MS-S5: Normal distribution features (bell curve, mean=median=mode), empirical rule (68–95–99.7), z-scores ($z = (x−μ)÷σ$) and comparison across datasets.
Learning Intentions
Apply normal distribution concepts to real-world and HSC-style contexts
Combine the empirical rule and z-scores in multi-step problems
Identify which tool (empirical rule vs z-score) is needed for a given question
Consolidate all Module 5 skills for exam readiness
Key Terms
Quality control
Using normal distribution and z-scores to determine whether manufactured items fall within acceptable bounds.
Percentile
The percentage of the population below a given value. The mean of a normal distribution is the 50th percentile.
Standardised score
Another name for a z-score — a value expressed in standard deviation units.
Module 5 framework
MS-S4: bivariate analysis (scatterplot → r → regression → causation). MS-S5: normal distribution (bell curve → empirical rule → z-scores).
01
Tool Selection: Empirical Rule vs z-score
The biggest challenge in Module 5 is knowing which tool to use. Here is the decision guide:
Situation
Use
The value is exactly 1, 2, or 3 standard deviations from the mean
Empirical rule (68/95/99.7)
The value is a non-integer number of SDs from the mean
z-score formula
Comparing results from two different datasets
z-scores
Finding percentage of data in a symmetric interval about μ
Empirical rule
Determining whether a value is unusual
Either (|z| > 2 rule)
Book Notes
Copy the decision table. Highlight: "comparing across datasets = always z-score".
Quick check: You need to compare a student's Biology result (μ=65, σ=9) with their Chemistry result (μ=71, σ=7).

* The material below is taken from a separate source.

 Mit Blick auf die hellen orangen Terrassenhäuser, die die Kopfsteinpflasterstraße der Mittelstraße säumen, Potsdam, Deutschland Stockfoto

Which tool should you use?
02
Application: Quality Control
Normal distribution is widely used in manufacturing to set quality thresholds.

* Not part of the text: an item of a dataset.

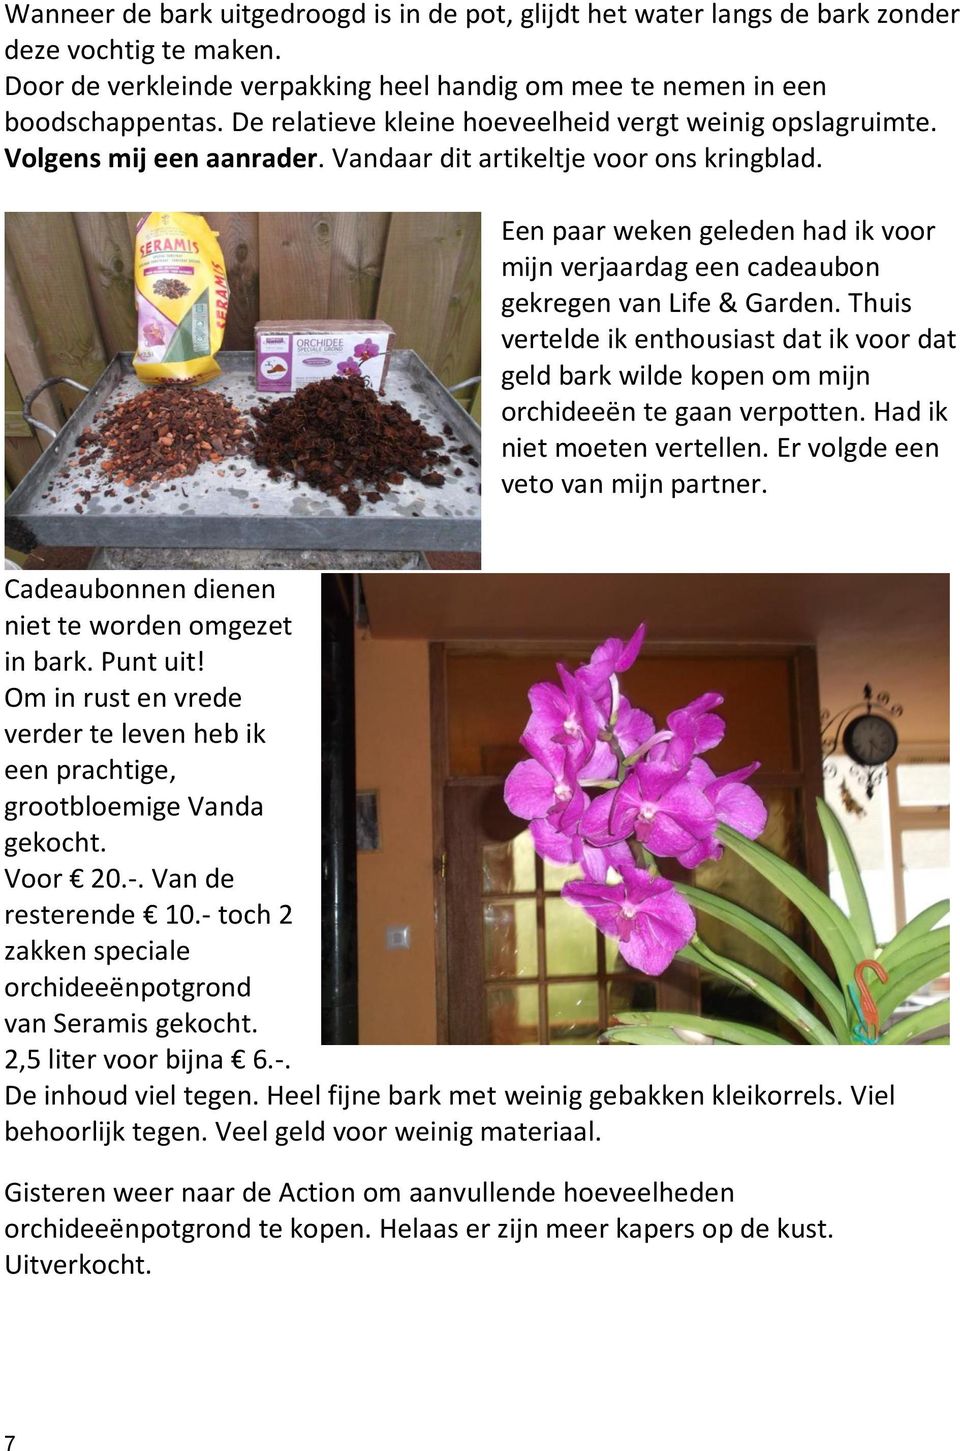 Een paar weken geleden had ik voor mijn verjaardag een cadeaubon gekregen van Life & Garden. Thuis vertelde ik enthousiast dat ik voor dat geld bark wilde kopen om mijn orchideeën te gaan verpotten.

Scenario: A machine fills bottles with a target volume of 750 mL. Volumes are normally distributed with μ = 750 mL, σ = 6 mL. Bottles outside the range 738–762 mL are rejected.
By the empirical rule, 95% of bottles fall within this range → 5% are rejected.
A bottle containing 765 mL: z = (765 − 750) ÷ 6 = 2.5. Since |z| = 2.5 > 2, this bottle is unusual and would be rejected.
HSC tip: Quality control questions almost always test whether a value falls within 2σ and whether it should be accepted or rejected. Always show the z-score calculation.
Book Notes
Note: "quality control = check if |z| ≤ 2 (accept) or |z| > 2 (unusual/reject)". Write a 3-line worked template.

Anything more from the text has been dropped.